The response should consist of every line below, restated exactly, with no pictures.

**SOURCE MATERIAL**:
★ ★ ★ ★ ★ ★ ★

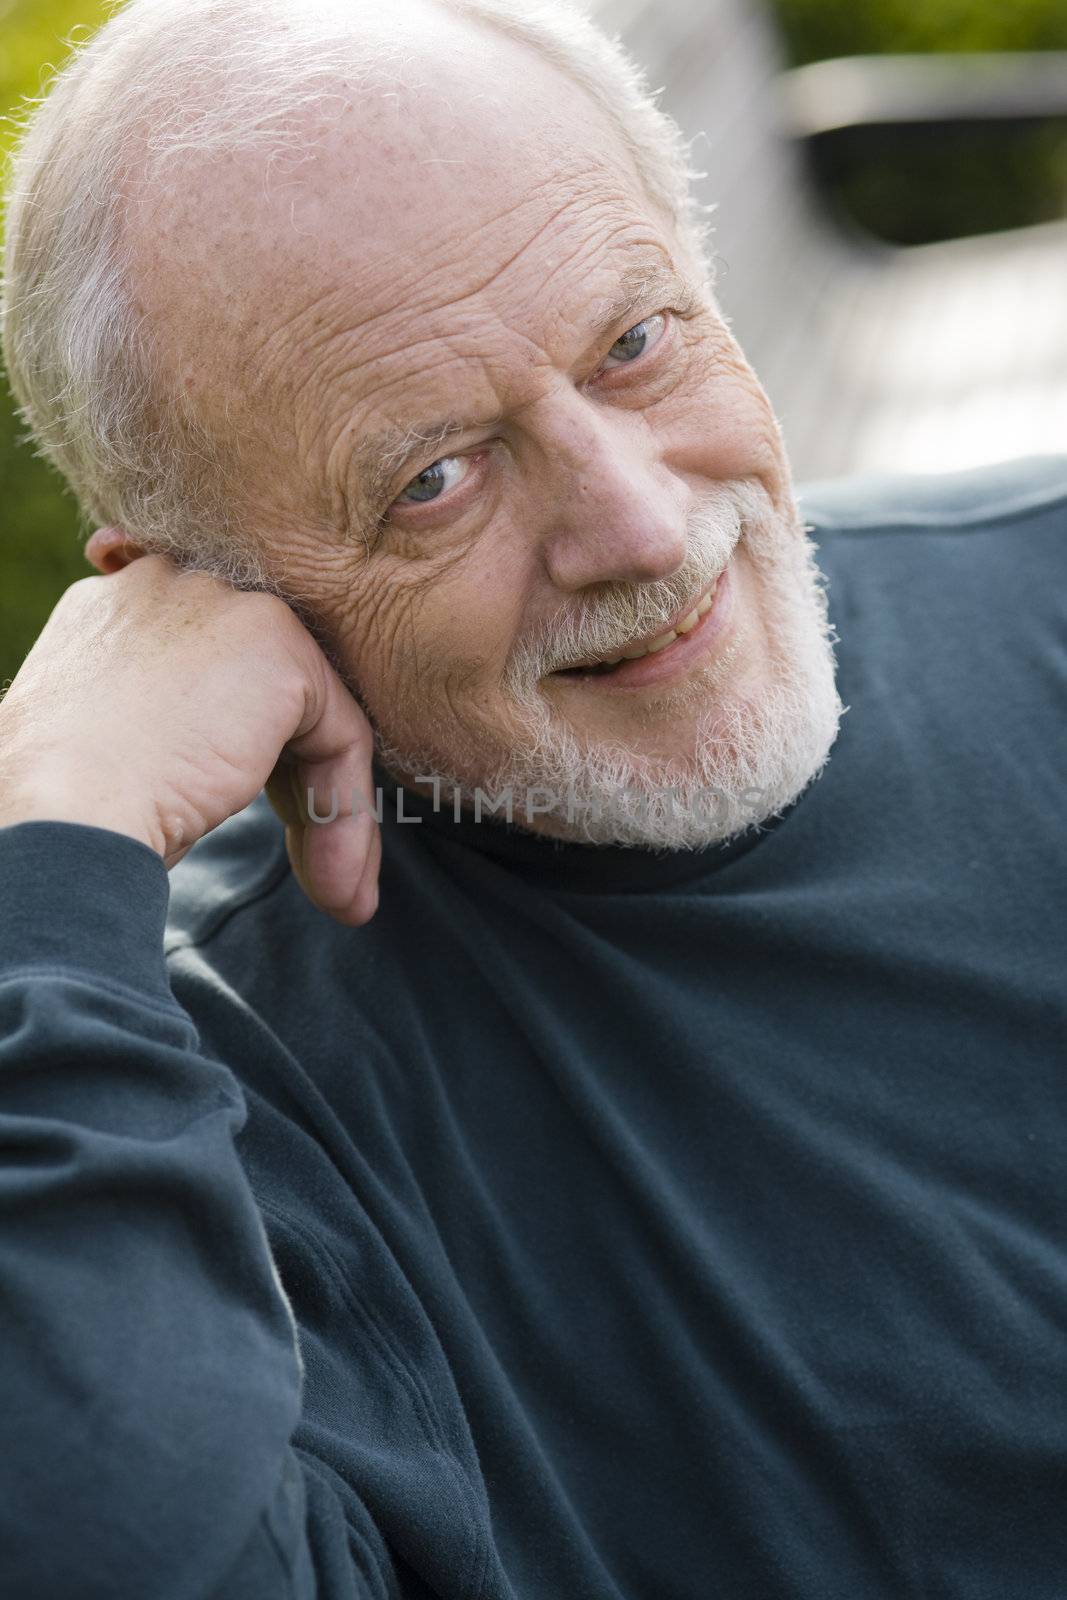 Portrait of an Elderly Gentleman Sitting on a Bench in a Park
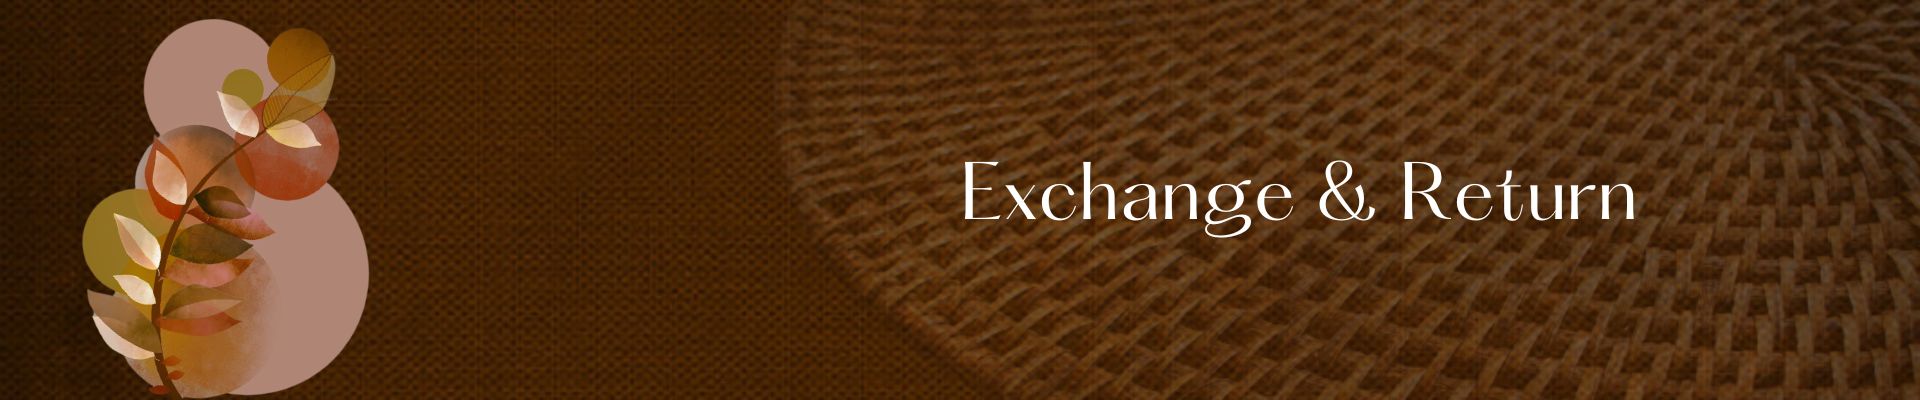 exchange and return banner
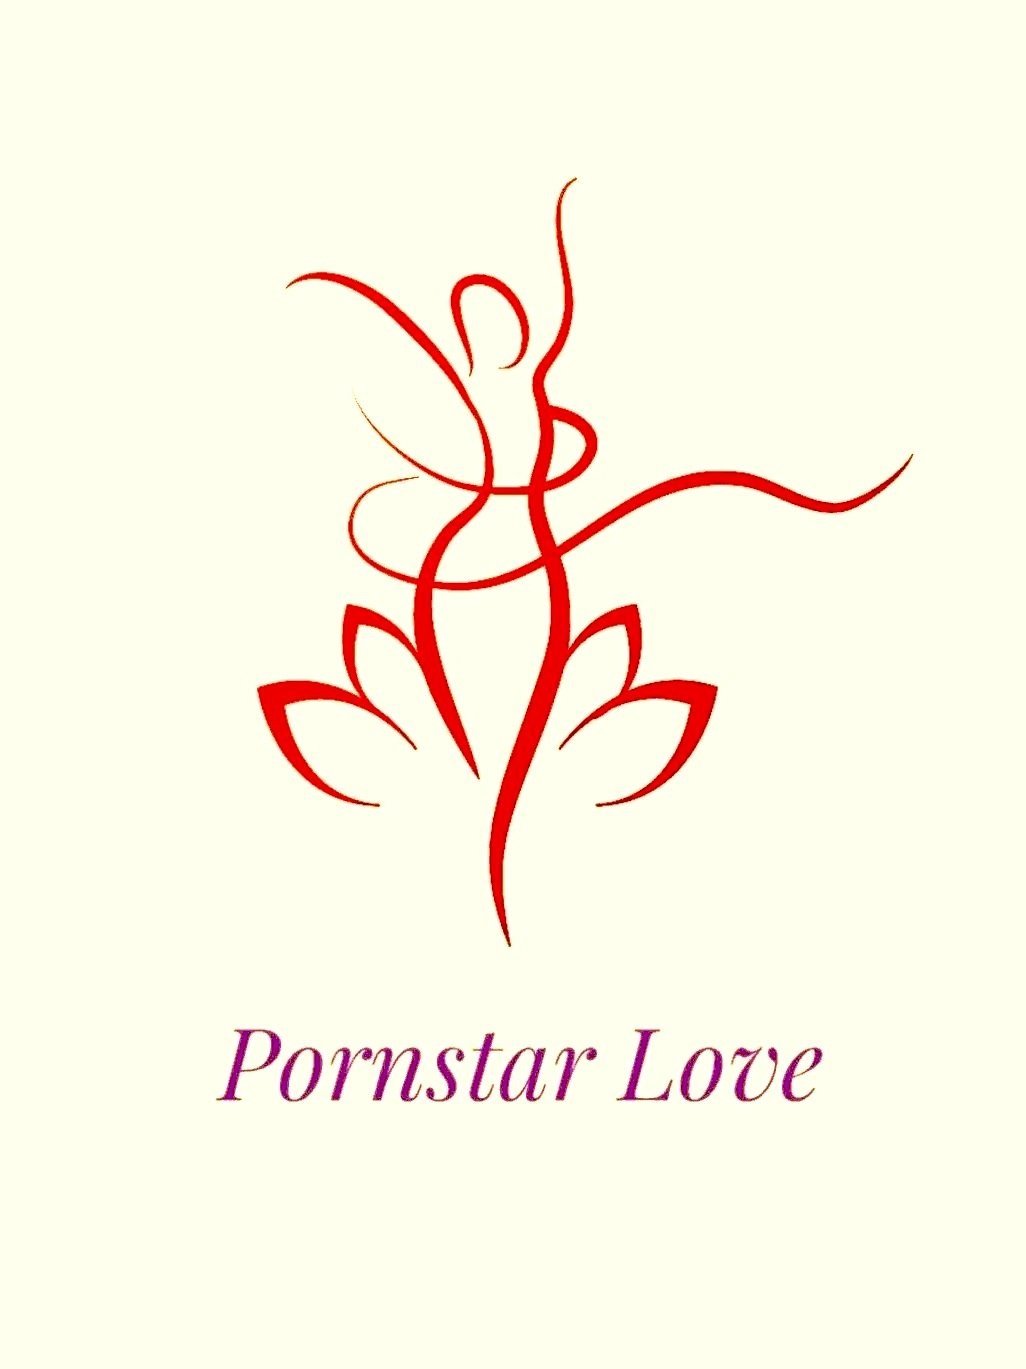 Pornstar Love
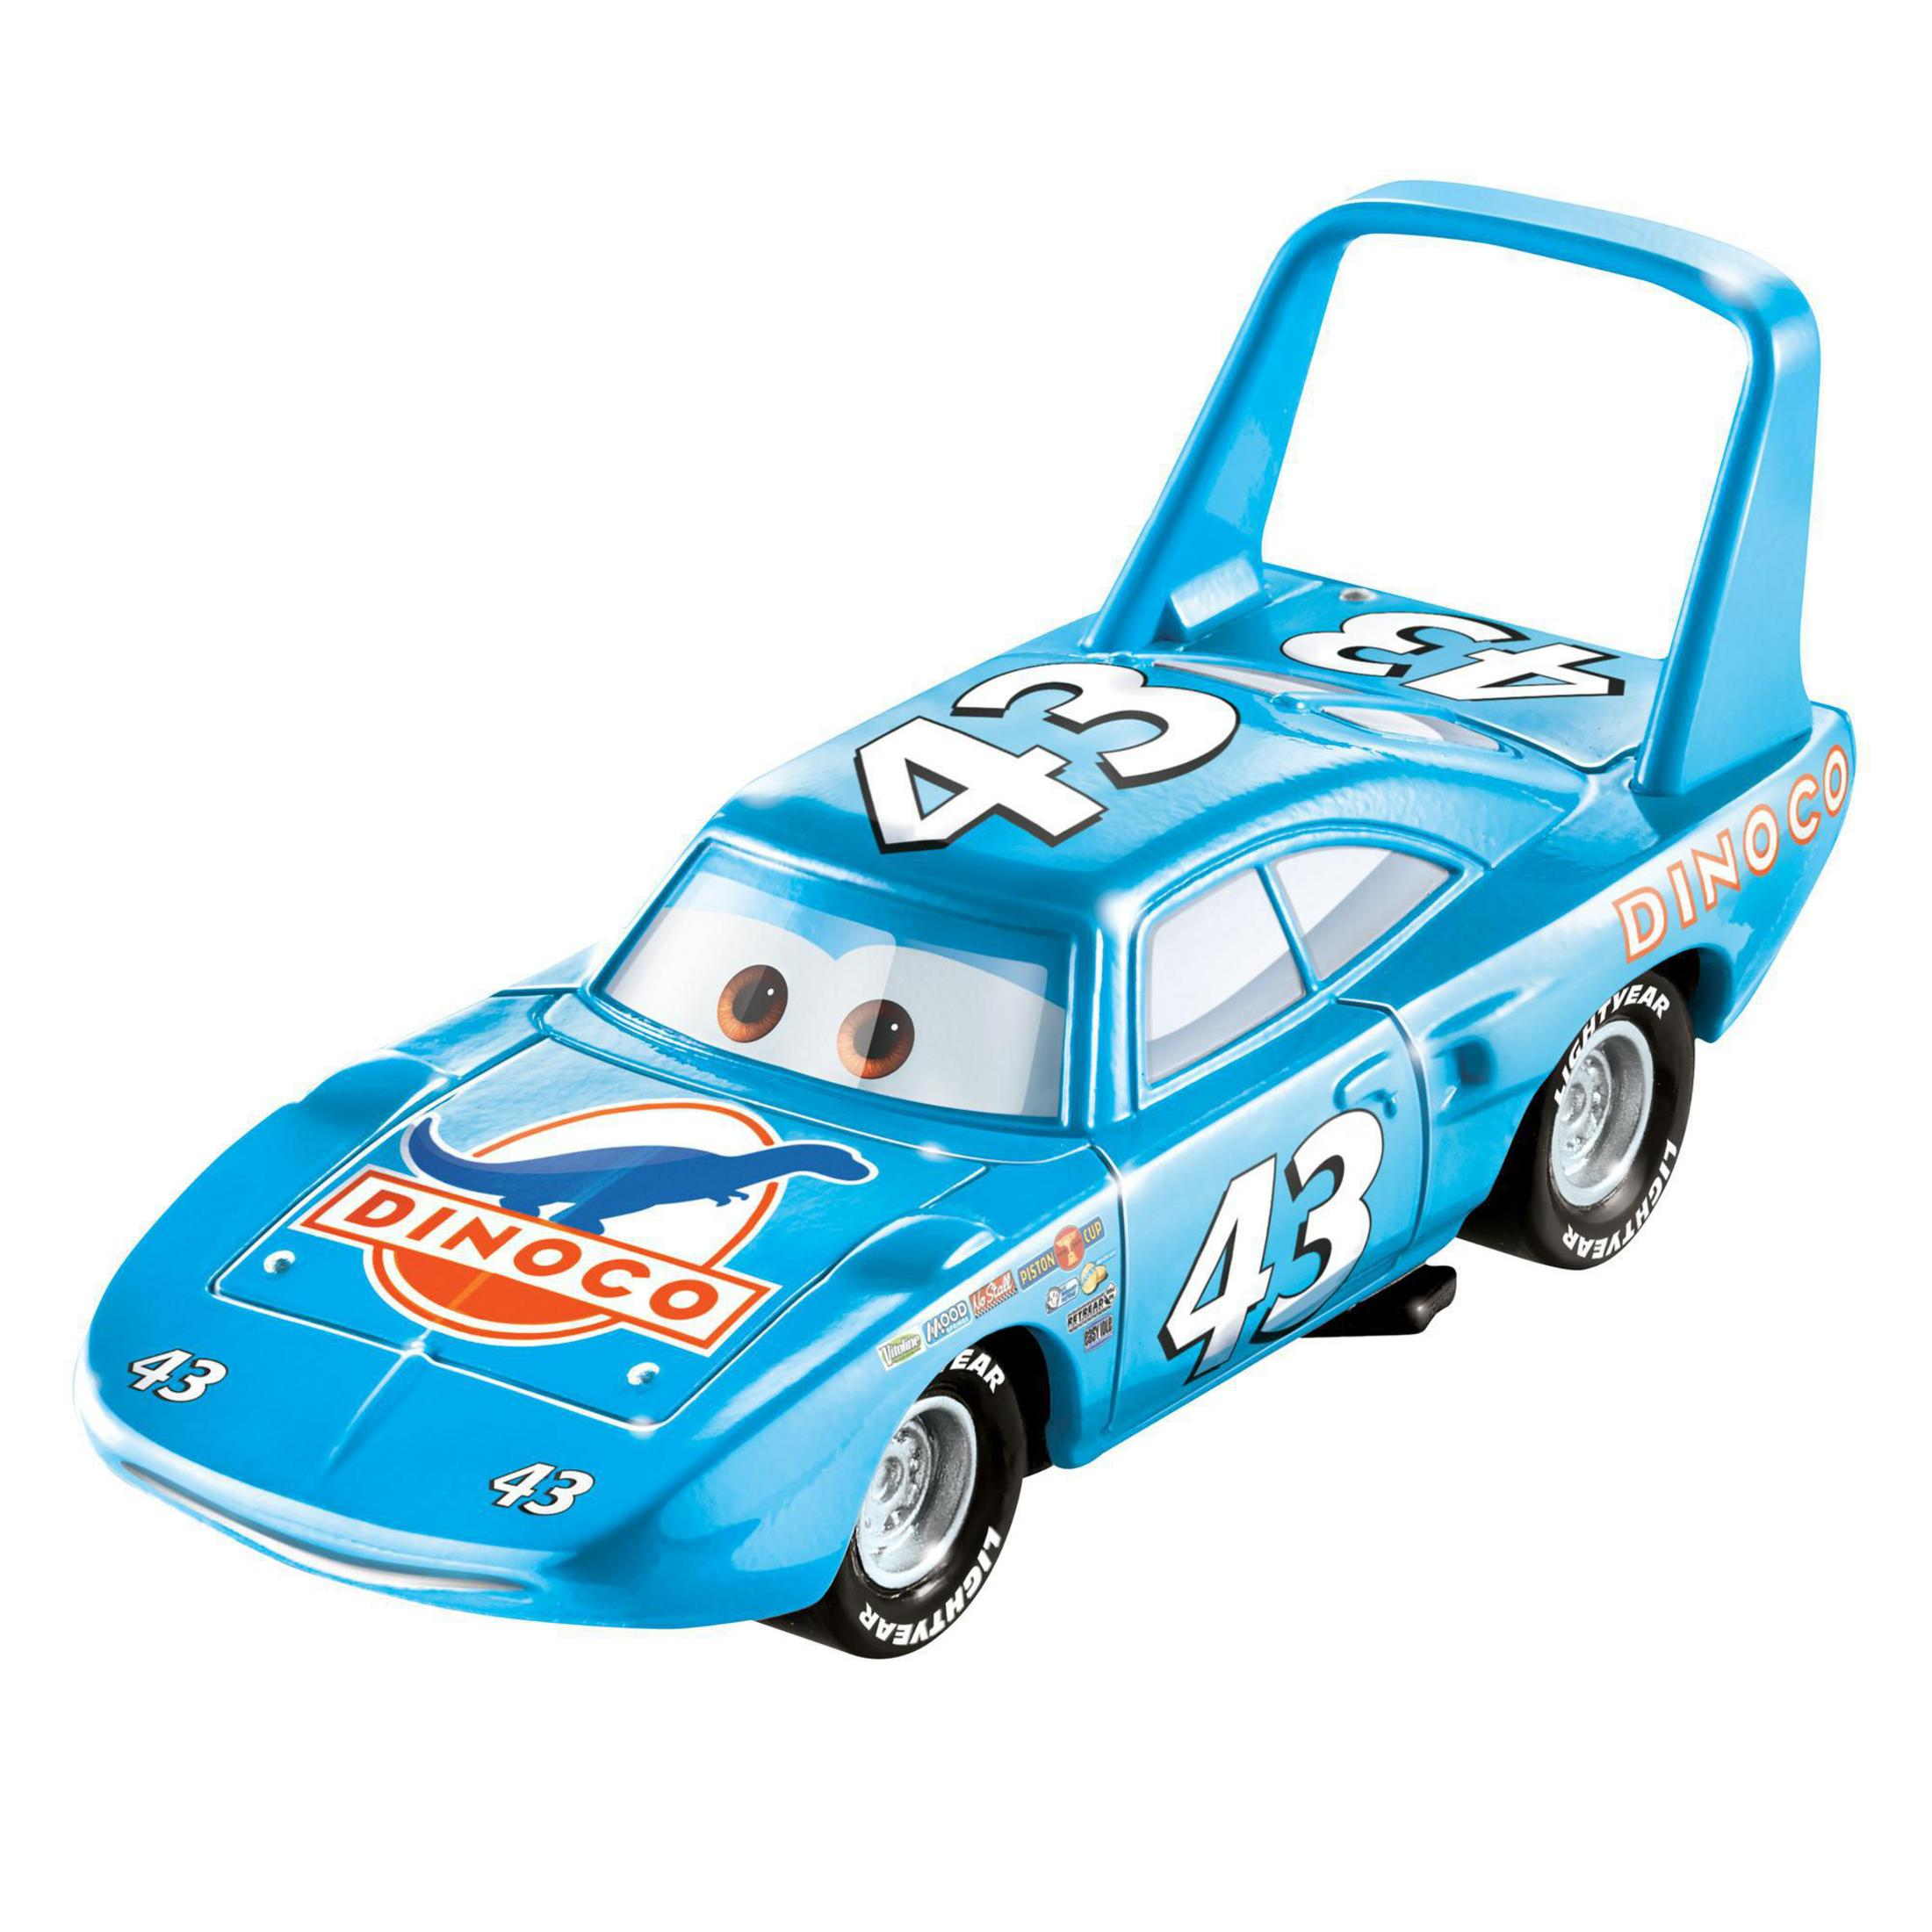 FARBWECHSEL FAHRZEUGE SORTIMENT Mehrfarbig GYM69 Spielzeugauto CARS

★ ★ ★ ★ ★ ★ ★

**TASK RESULT**:
 Portrait of an Elderly Gentleman Sitting on a Bench in a Park
 exchange and return banner
 Pornstar Love
 FARBWECHSEL FAHRZEUGE SORTIMENT Mehrfarbig GYM69 Spielzeugauto CARS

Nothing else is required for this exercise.